## Provided material
'''

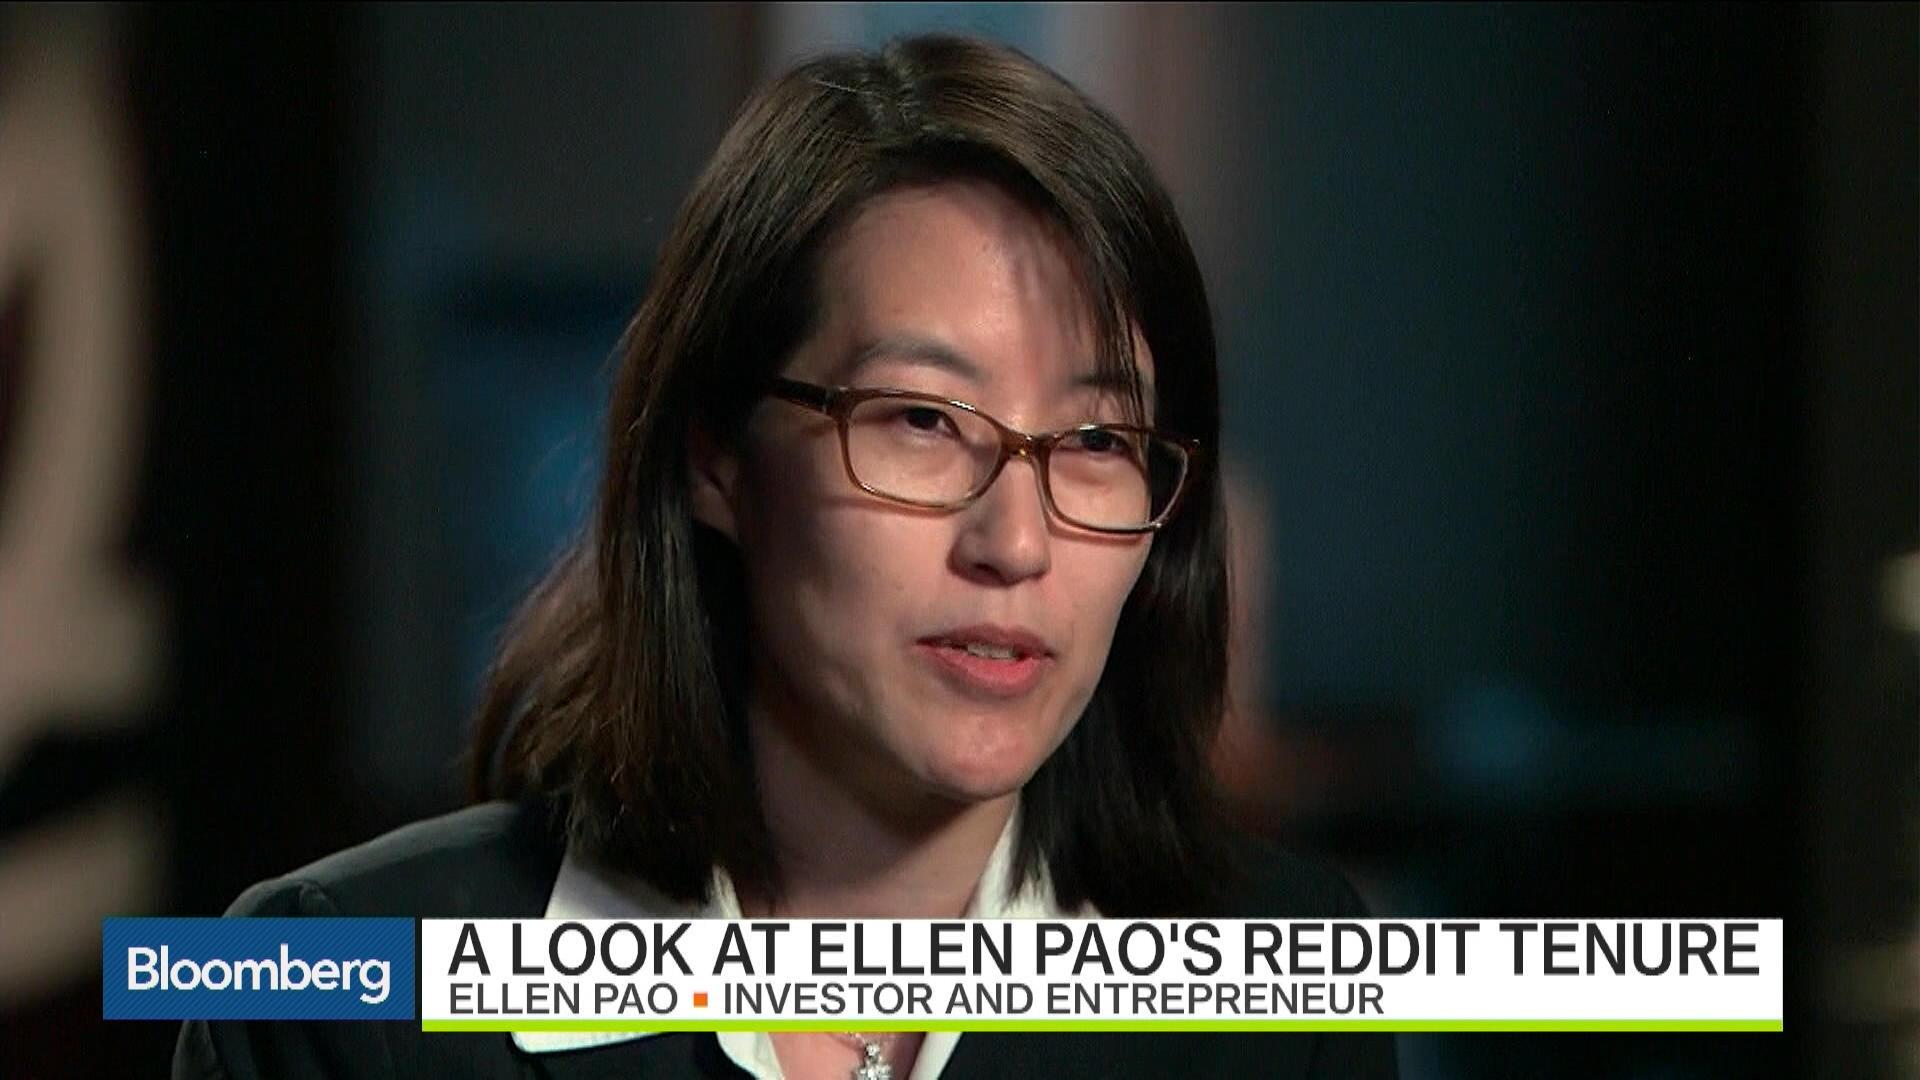 Ellen Pao Reflects on Her Tenure at Reddit
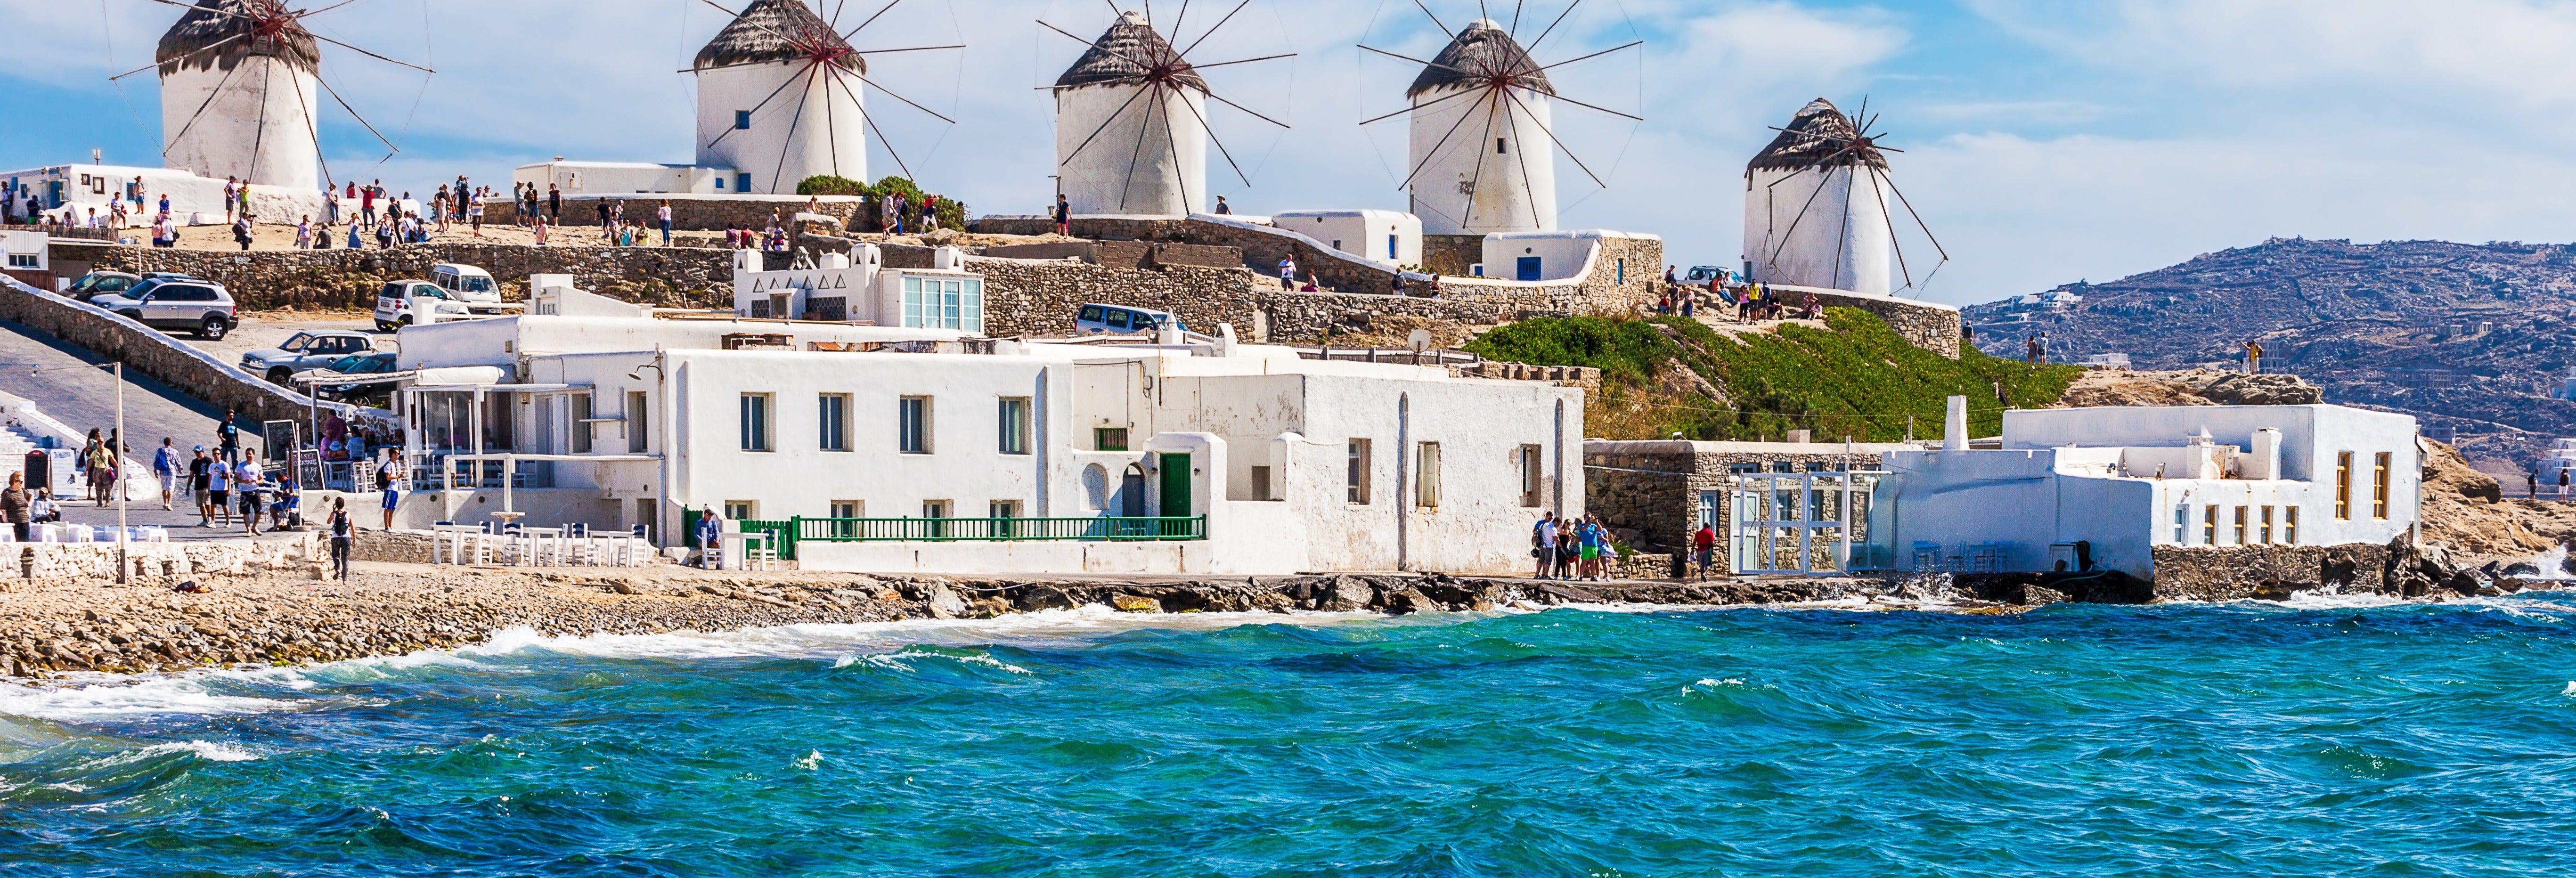 Mykonos and Santorini: 4 Days
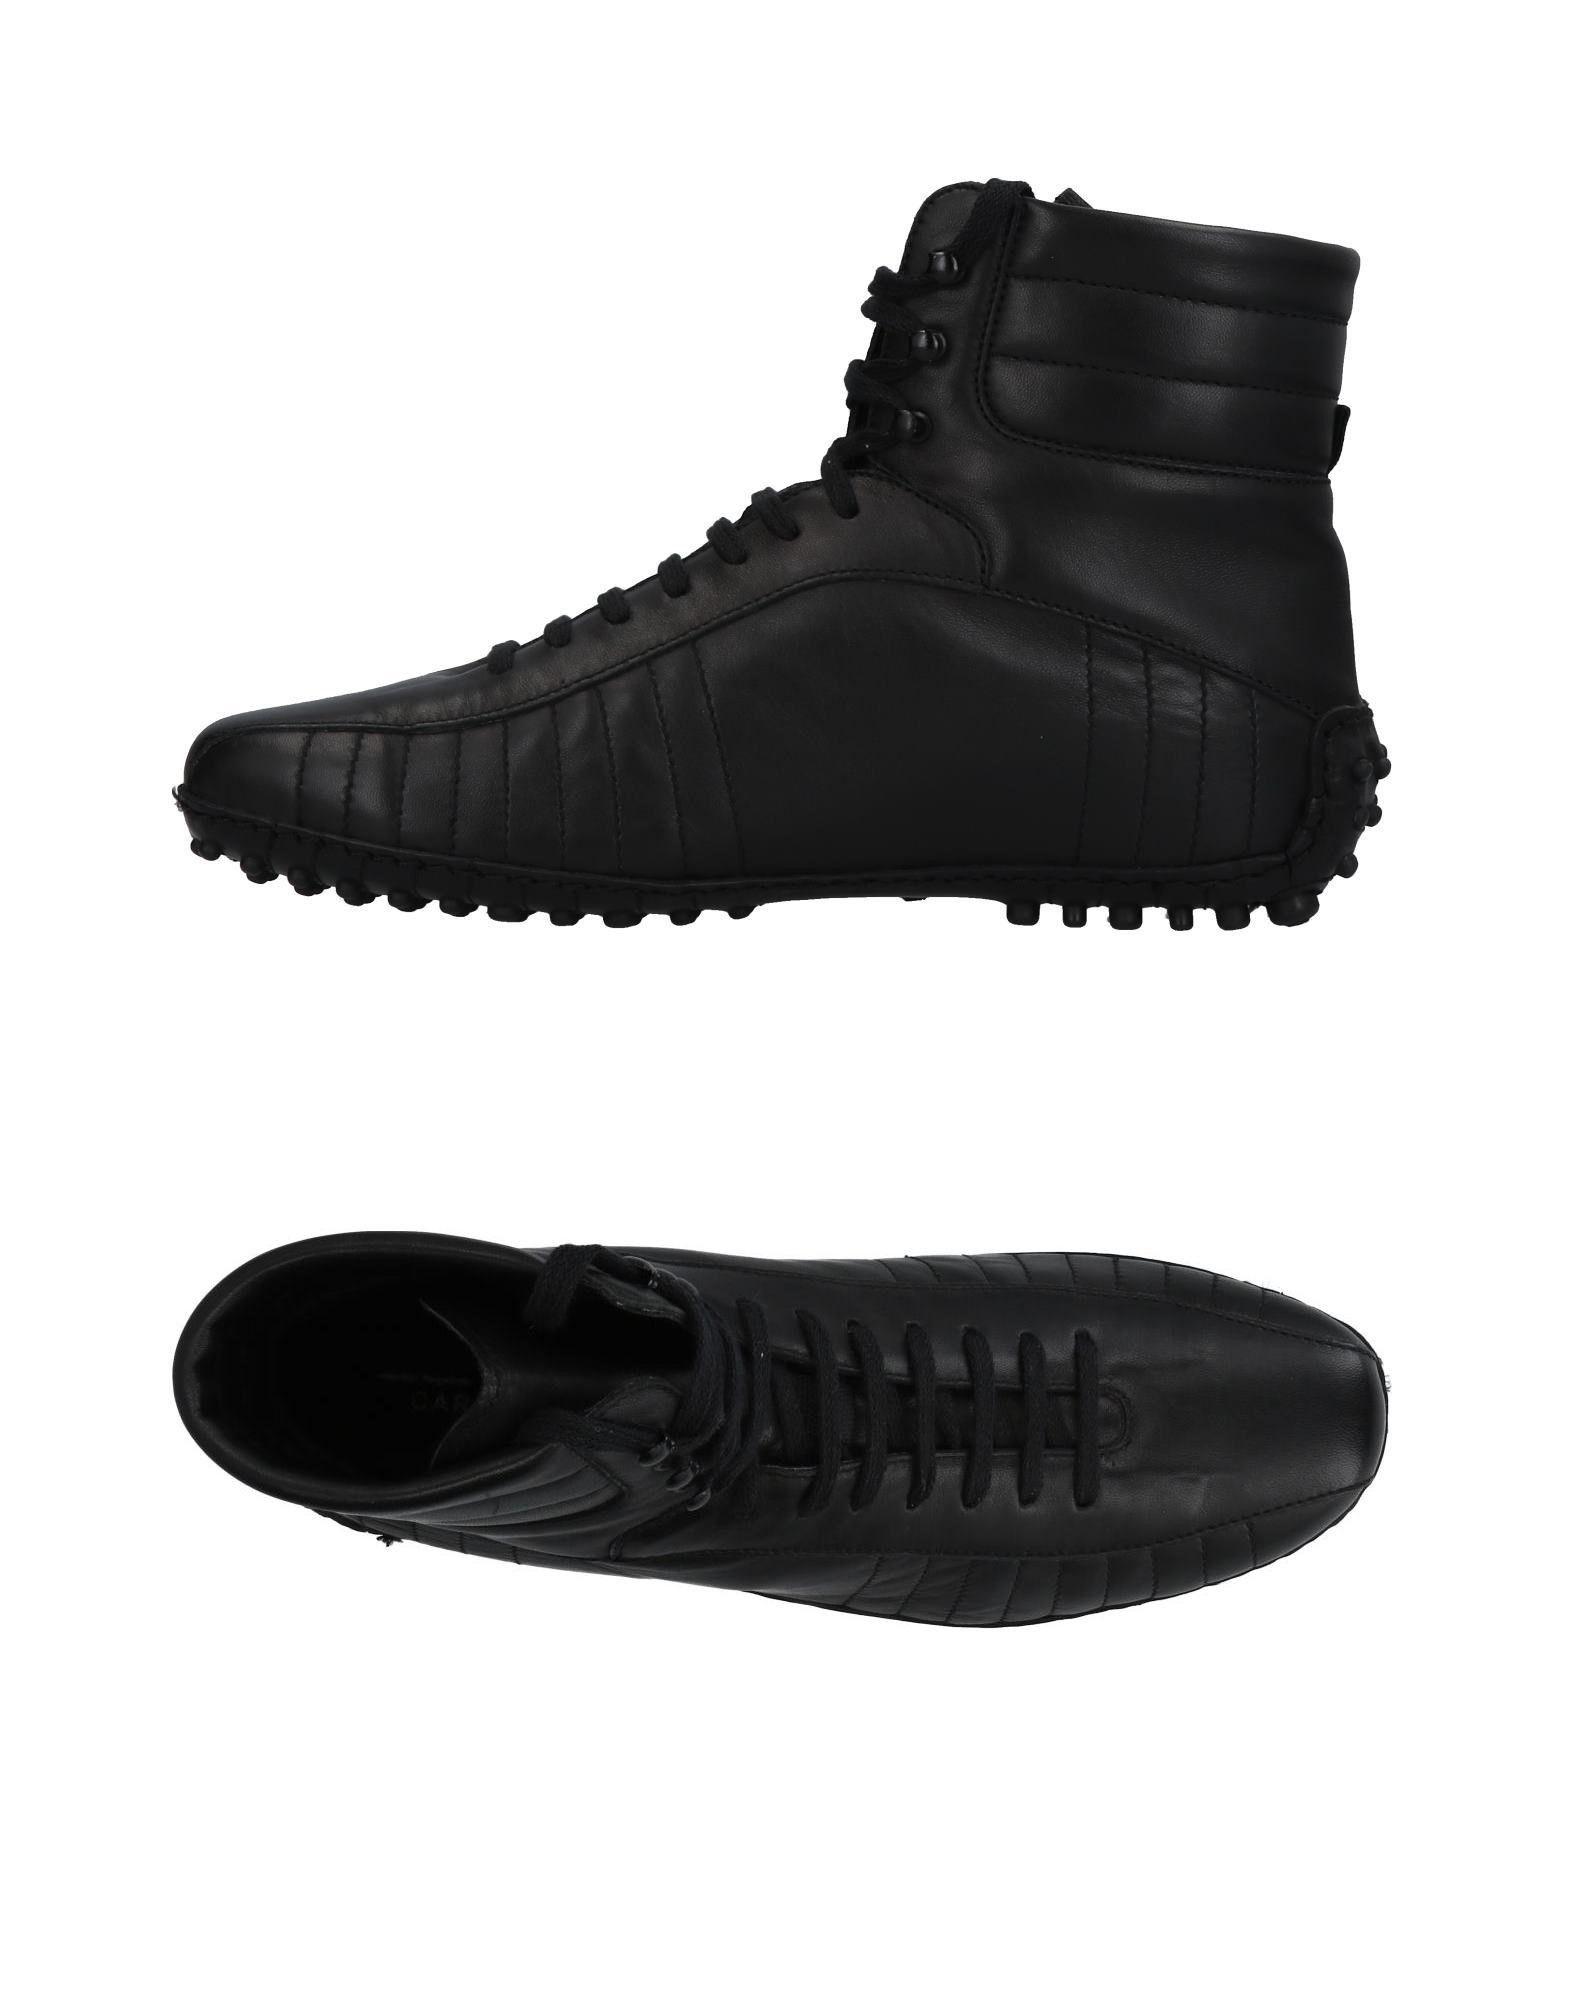 CARSHOE Высокие кеды и кроссовки кеды кроссовки высокие dc council mid tx stone camo

'''

## Try it
Exact transcription of the full listing above is required; images do not belong in it.

## Response to the task
 Ellen Pao Reflects on Her Tenure at Reddit
 Mykonos and Santorini: 4 Days
 CARSHOE Высокие кеды и кроссовки кеды кроссовки высокие dc council mid tx stone camo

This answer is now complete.